Filebeat disk queue messing up encoding

Hello,

I believe I have found a misbehavior in the disk queue mechanism in the filebeat.

When I’m adding a UTF-8 encoded json with a polish characters, on the output I am getting messed up value. Example:

^^^^^^^^^^^^^^^^^^^^^
IN: "||OUT1|OUT2|* niesłuszne lub błędne obciążenie ... podwójne obciążenie ... całości lub części środków ...TABELI PONIŻEJ i ZATWIERDŹ.|"

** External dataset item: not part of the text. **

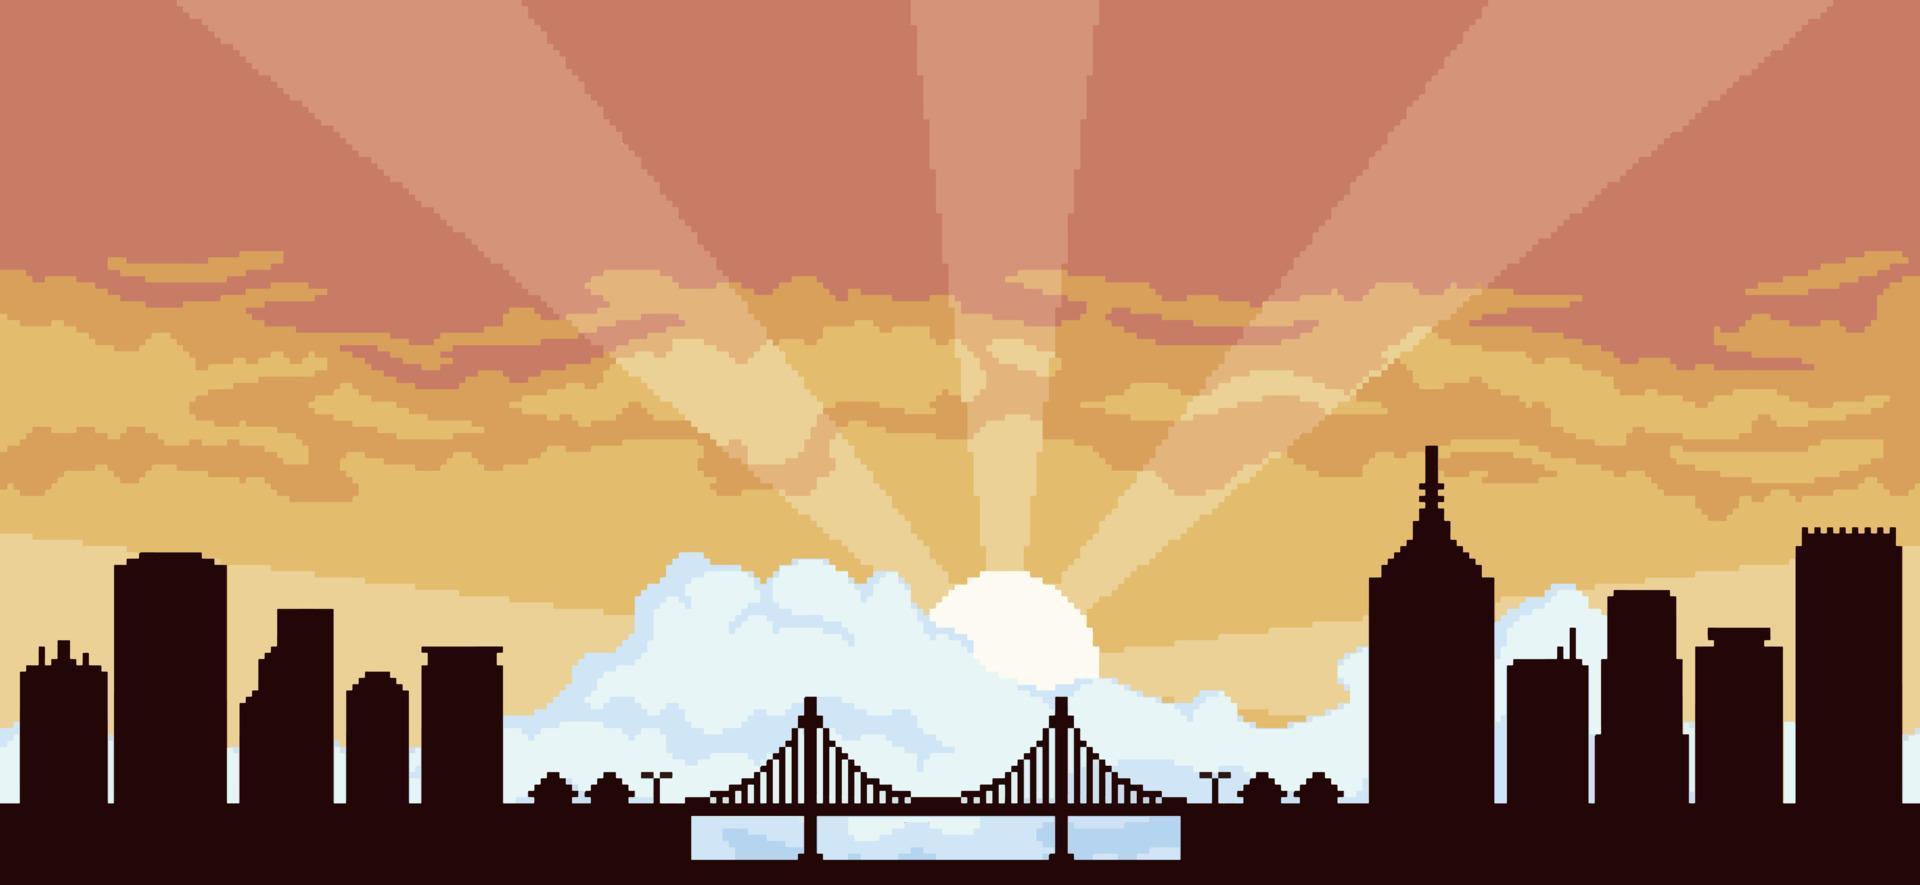 Pixel Art City Hintergrund bei Sonnenuntergang mit Gebäuden, Konstruktionen, Brücke und bewölktem Himmel für 8-Bit-Spiel vektor

OUT: "||OUT1|OUT2|* niesususzne lub będndne obciżenenie ... podwjnjne obciżenenie ... cao\ufffdocici lub czścici rorodkw w ...TABELI PONIEJEJ i ZATWIERD.|.|"
^^^^^^^^^^^^^^^^^^^^^^

This is happening only when the disk queue mechanism is enabled. When its off everything working as expected. Also the problem is only affecting fields that contain inner encoded json (field “executionAdditionalInfo” in the example below). For fields with just text its working fine (e.g field “modUserFullName”).

  • Version: 7.10.1
  • Operating System: Windows 10 Enterprise (but also Windows Server)
  • Steps to Reproduce:
  1. Download filebeat version 7.10.1 (for windows)

  2. Create folders named “input” and “output”.

  3. Replace filebeat.yml with:
    https://gist.github.com/eValker/f5ae0d046d7b6807f2ea5a4cab525dac#file-filebeat-yml

  4. Start filebeat.

  5. Create file input/test.log with content:
    https://gist.github.com/eValker/f5ae0d046d7b6807f2ea5a4cab525dac#file-test-log
    (remember to leave empty line at the end of the file)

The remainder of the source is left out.